Дом ее родителей был некогда солидной виллой в георгианском стиле, из окон открывался широкий вид. Джон Верни приехал туда рано утром, проведя ночь в переполненном вагоне поезда Ливерпуль – Лондон. Кованая железная ограда и ворота были грубо выломаны сборщиками железного лома, а палисадник, прежде такой ухоженный, густо зарос сорняками и кустарником и весь был истоптан солдатами, которые по ночам приводили сюда своих подружек. Сад за домом обратился в небольшую воронку от бомбы – по краям ее громоздились кучи глины, обломки статуй, кирпич и стекло от разрушенных теплиц, и из этих груд торчали высокие, по грудь, сухие стебли кипрея. Стекла по заднему фасаду все вылетели, и окна Пыли забраны картоном и досками, так что в комнатах все время стояла тьма.
– Добро пожаловать в царство хаоса и вечной ночи, – радушно приветствовал Джона дядя.
Слуг в доме не было: старые сбежали, молодых призвали в армию. Элизабет напоила его чаем и ушла на работу.
Здесь он поселился, и, по словам Элизабет, ему еще повезло, что у него оказалась своя крыша над головой. Мебель купить было невозможно, меблированные комнаты сдавались за бешеные деньги, а их доход ограничивался теперь только жалованьем. Можно бы подыскать что-нибудь за городом, но у Элизабет не было детей, и, значит, она не имела права уйти со службы. Да и Джон был связан своим избирательным округом.
Округ тоже стал неузнаваем. В городском саду выросла фабрика, обнесенная колючей проволокой, точно лагерь для военнопленных. Обступавшие некогда сад аккуратненькие домики, в которых жили возможные сторонники партии либералов, были разбомблены, залатаны, конфискованы, заселены рабочими-иммигрантами. Каждый день Джон получал десятки жалоб от своих избирателей, выселенных из Лондона в провинцию. Он надеялся, что орден и хромота помогут ему завоевать расположение новых жителей, но нет, им и дела не было до превратностей войны. Зато они весьма интересовались социальным страхованием, хотя в интересе этом явственно сквозило недоверие.
– Они тут все красные, – сказал Джону здешний представитель либералов.
– Вы хотите сказать, я не пройду?
– Ну, мы еще поборемся. Тори выставляют летчика, участника воздушных боев над Англией. Боюсь, он заберет большую часть голосов наших избирателей среднего достатка, а их и так осталось уже немного.
Выборы и в самом деле прошли скверно: Джон Верни получил голосов меньше, чем все другие кандидаты. По его округу избрали учителя-еврея, чьи речи дышали ожесточением. Руководство оплатило расходы Джона Верни, но все равно выборы дались ему тяжело. И когда они кончились, он остался безо всякого дела.

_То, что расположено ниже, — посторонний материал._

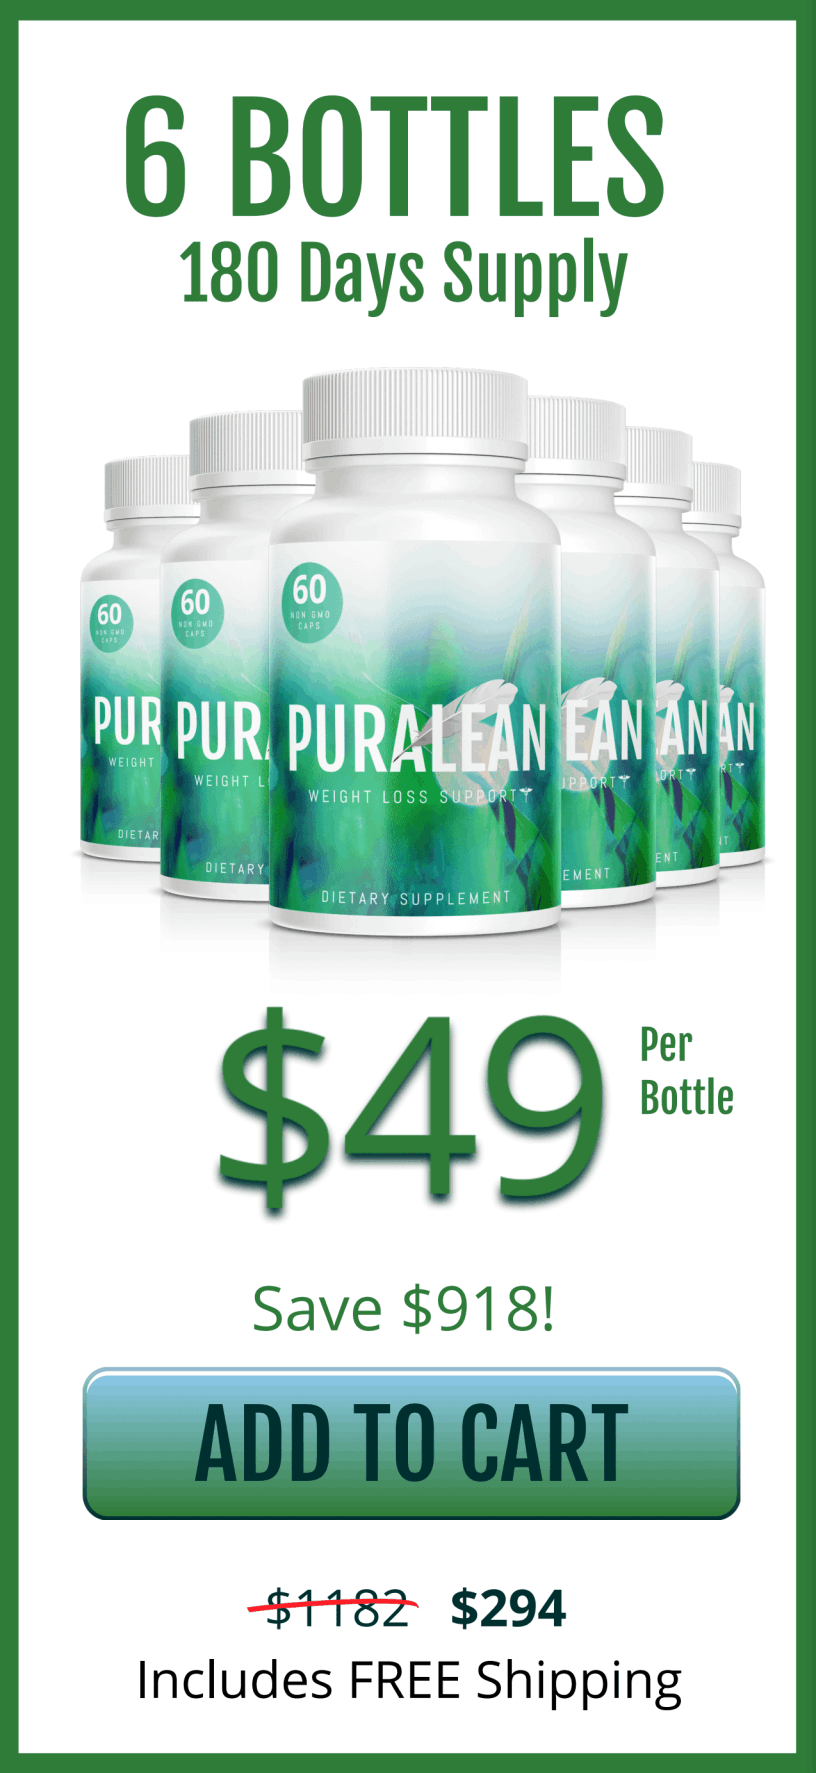 puralean $49 bottle

Он продолжал жить в Хемстеде; когда Элизабет уходила на работу, помогал тетке стелить постели, прихрамывая, отправлялся к зеленщику и торговцу рыбой, снедаемый ненавистью, стоял в очередях, а вечером помогал Элизабет стирать белье. Ели они в кухне, продуктов было мало, но стряпала тетка вкусно. Дядя три дня в неделю работал – помогал паковать посылки для Явы.
Элизабет, женщина себе на уме, никогда не рассказывала о своей работе, а работа, в сущности, была связана с насаждением враждебных населению деспотических правительств в Восточной Европе. Однажды вечером, в ресторане, к ней подошел и заговорил с нею высокий молодой человек с изжелта-бледным острым лицом, которое дышало умом и юмором.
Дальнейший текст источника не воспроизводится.